O governador José Serra começa a botar o carro na rua. Sábado passado, circulou faceiro entre os 1.200 convidados ao casamento da filha do senador Tasso Jereissati, em Fortaleza. Na bela mansão, na praia do Futuro, deixando de lado o comportamento arredio, Serra cumprimentava um e outro, ganhando de alguns o mais que antecipado título de "presidente". O governador paulista fez um tento ao aceitar o convite de Tasso, que, segundo se sabe, não lhe é muito simpático. E Aécio Neves, mais ligado a Tasso, cometeu o desatino de não comparecer ao evento, sob a desculpa de "outro casamento". Um a zero para Serra.

A ESTOCADA DE NEVES

Ao criticar o governo Lula por "colocar a ética abaixo do tapete", o governador Aécio Neves tentou estabelecer uma primeira divisória entre ele e o petismo. Aécio quer aparecer também como candidato de oposição. Pois até o momento, sua imagem é a de amigo de Lula, podendo até vir a ser candidato de um partido da base governista, no caso o PMDB, apoiado pelo presidente. Com sua ácida crítica, Neves quis exibir um chega-prá-lá. Percebeu que José Serra ganha terreno com o perfil de oposicionista. Ocorre que o PT mineiro já o chama de "traidor", por ter forçado a aliança "informal" com o partido em torno do vitorioso Márcio Lacerda, do PSB. Aécio Neves está à procura de um eixo.

COMO DEVE SER O LÍDER

O líder não é apenas um servidor do povo que renuncia a qualquer privilégio, mas também deve privar-se dos prazeres para consagrar suas energias ao projeto político.

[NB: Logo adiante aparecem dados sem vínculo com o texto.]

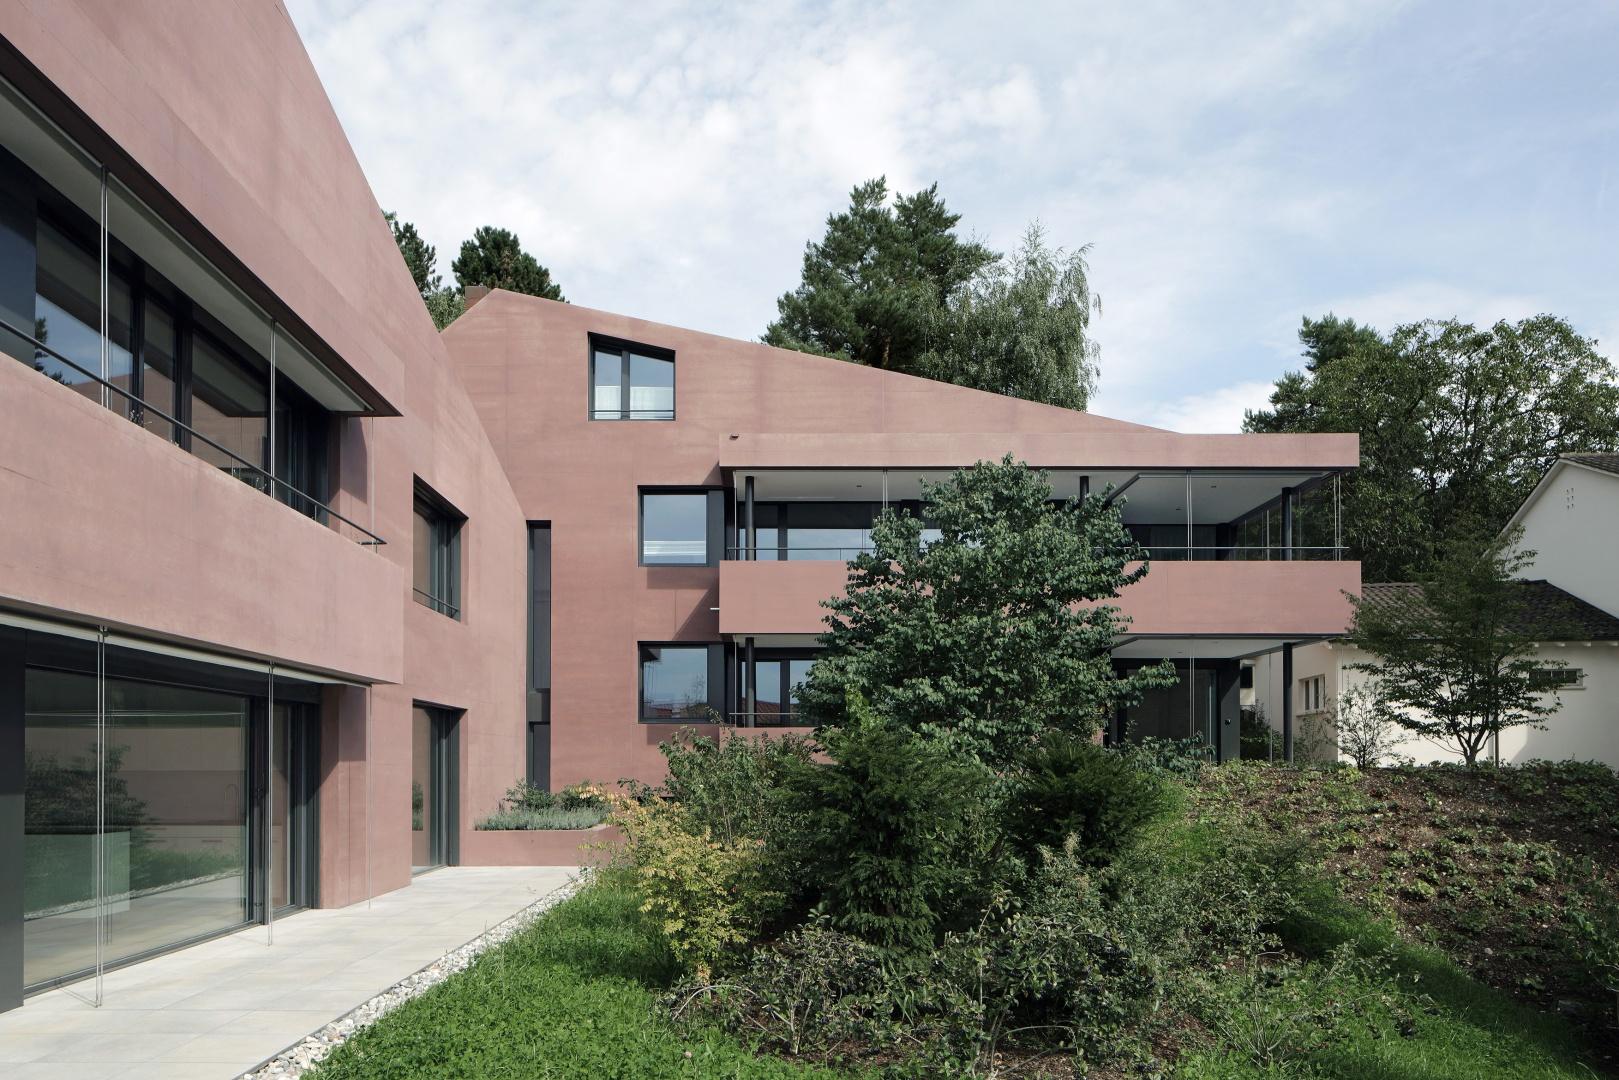 Bodenweg_Fassade_Süd-West © Tom Bisig, Basel

Carlos Matus, sociólogo e planejador chileno, ensina que o estilo de liderança pode ser assim caracterizado : credibilidade da palavra apoiada no exemplo pessoal do líder; baixa valorização, pela chefia, da rivalidade individual; baixo valor à ameaça do outro; proibição da violência e do engano; abolição do conceito de inimigo; alto valor do projeto; alto valor do consenso e da cooperação; predomínio da força dos valores humanos e das grandes maiorias; e o líder é o primeiro dentre os iguais, só prega o que pratica. Quem veste esse figurino : Barack Obama, George Bush, Nicolas Sarkozy, Angela Merkel ? Hugo Chávez, Simon Bolívar ?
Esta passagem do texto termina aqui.